Song by Elvis Presley

from the EP Love Me Tender
- Language: English
- Released: 1956
- Recorded: 1956
- Studio: 20th Century Fox, Hollywood
- Genre: Country; rockabilly;
- Length: 2:21
- Label: RCA Victor
- Songwriters: Ken Darby (principal songwriter); Elvis Presley (credited); Vera Matson (credited);
- Producer: Lionel Newman

= We're Gonna Move =

"We're Gonna Move" is a song by Elvis Presley. The song is credited to Elvis Presley and Vera Matson, the wife of Ken Darby, the principal writer, published by Elvis Presley Music. The song was featured in the 20th Century Fox movie Love Me Tender and was released as an RCA Victor EP in 1956.

==Background==
"We're Gonna Move" was recorded on August 24, 1956.

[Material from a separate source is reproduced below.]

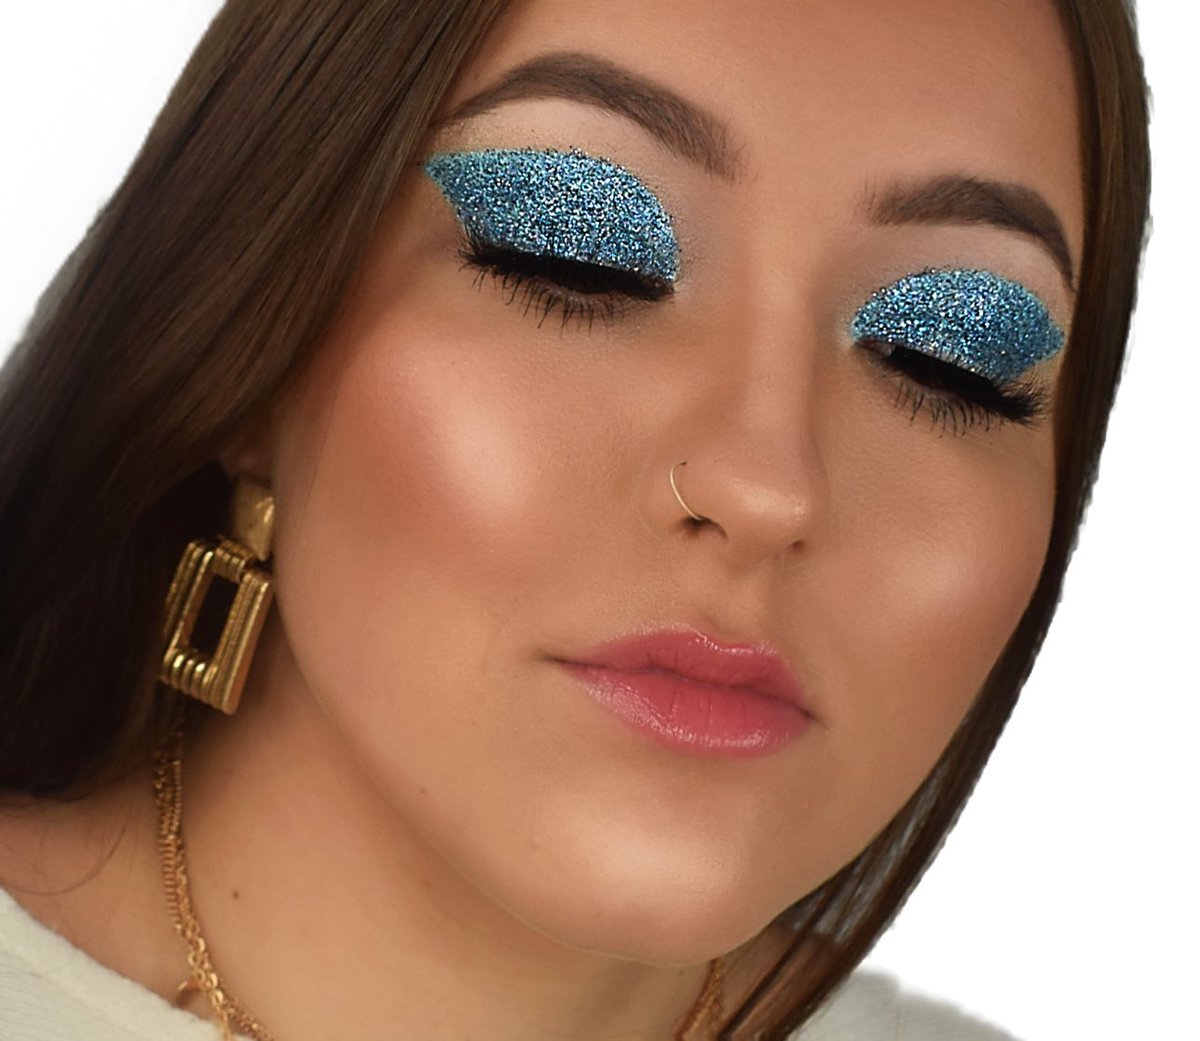 GLITTER! ✨ @PIXIBeauty Blue Pearl Quad is something else 💙🔥 #glittereyemakeup #pixibeauty #makeuplook
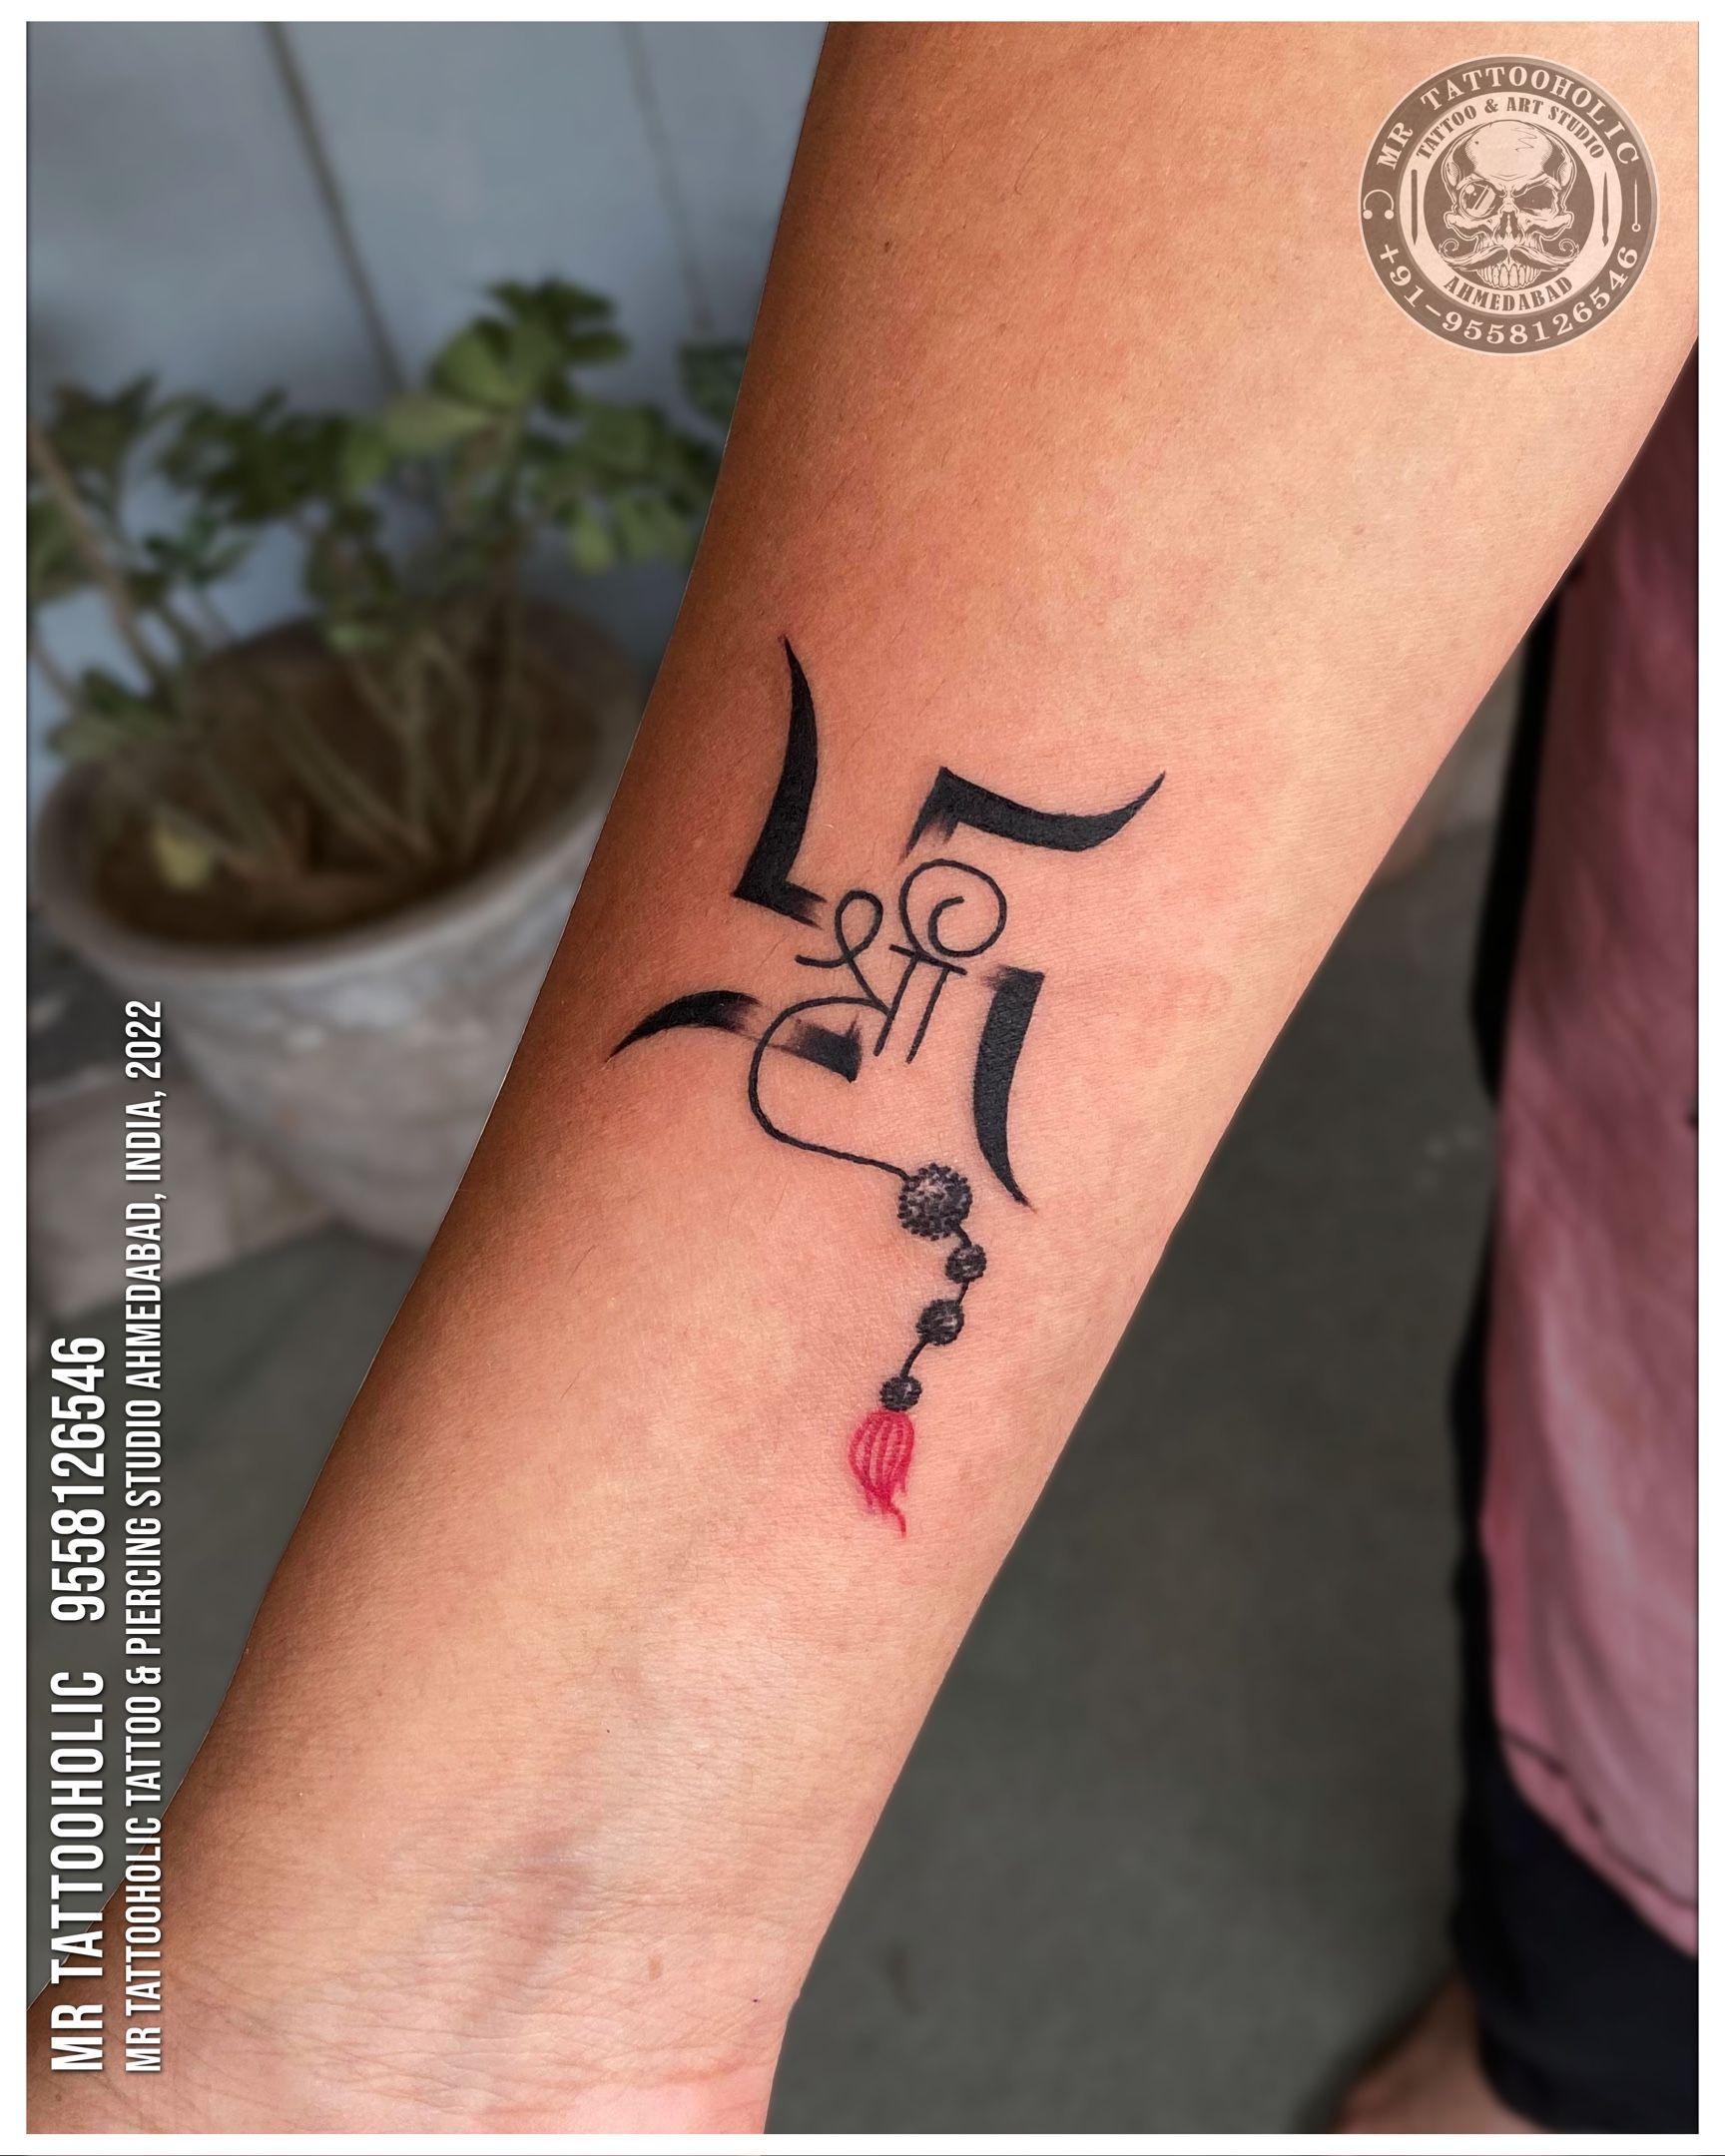 Share 85 about shri tattoo designs unmissable  indaotaonec

"We're Gonna Move" appeared in the 1956 movie Love Me Tender. The song was released on an RCA Victor EP from the movie, Love Me Tender, EPA-4006, which also included the title track, "Poor Boy", and "Let Me".

The recording appeared on the 1959 compilation album A Date with Elvis.

Adriano Celentano recorded the song in 1973 and released it as a 45 single. G.I. Blues, Kent Lundberg EP-Band & Quartet, Long Chris, and Charlie und Co. have also recorded the song.

A lyric from the song has been cited as the inspiration for the Beatles' "Fixing a Hole" from Sgt. Pepper's Lonely Hearts Club Band.

==Soundtrack==

1956 sheet music.

Instead of a full long-playing album soundtrack, for Love Me Tender the four songs appearing in the film were released as an extended-play, seven-inch 45 RPM record on RCA Records, Love Me Tender, catalog EPA 4006, during November 1956. The EP was certified Platinum by the RIAA. The EP reached No. 10 on the Billboard EP chart, and No. 22 on the Billboard 200 album chart. It peaked at No. 9 on Top Pop Albums chart with sales of over 600,000, as well as making it to No. 35 on the singles chart. The four EP soundtrack songs were recorded at 20th Century Fox's Stage One in Hollywood, at three sessions on August 24, September 4, and October 1, 1956.

==Personnel==
- Elvis Presley – vocals
- Vito Mumolo – lead acoustic guitar
- Luther Rountree – rhythm acoustic guitar
- Dom Frontieri – accordion
- Mike "Myer" Rubin – double bass
- Richard Cornell – drums
- Rad Robinson – backing vocals
- Jon Dodson – backing vocals
- Charles Prescott -backing vocals

==Sources==
- Guralnick, Peter. Last Train to Memphis: The Rise of Elvis Presley. Little, Brown; 1994. ISBN 0-316-33225-9.
- Guralnick, Peter. Careless Love: The Unmaking of Elvis Presley. Back Bay Books; 1999. ISBN 0-316-33297-6.
- Guralnick, Peter; Jorgensen, Ernst. Elvis Day by Day: The Definitive Record of His Life and Music. Ballantine; 1999. ISBN 0-345-42089-6.
- Hopkins, Jerry. Elvis—The Biography. Plexus; 2007. ISBN 0-85965-391-9.
- Jorgensen, Ernst. Elvis Presley—A Life in Music: The Complete Recording Sessions. St Martin's Press; 1998. ISBN 0-312-18572-3.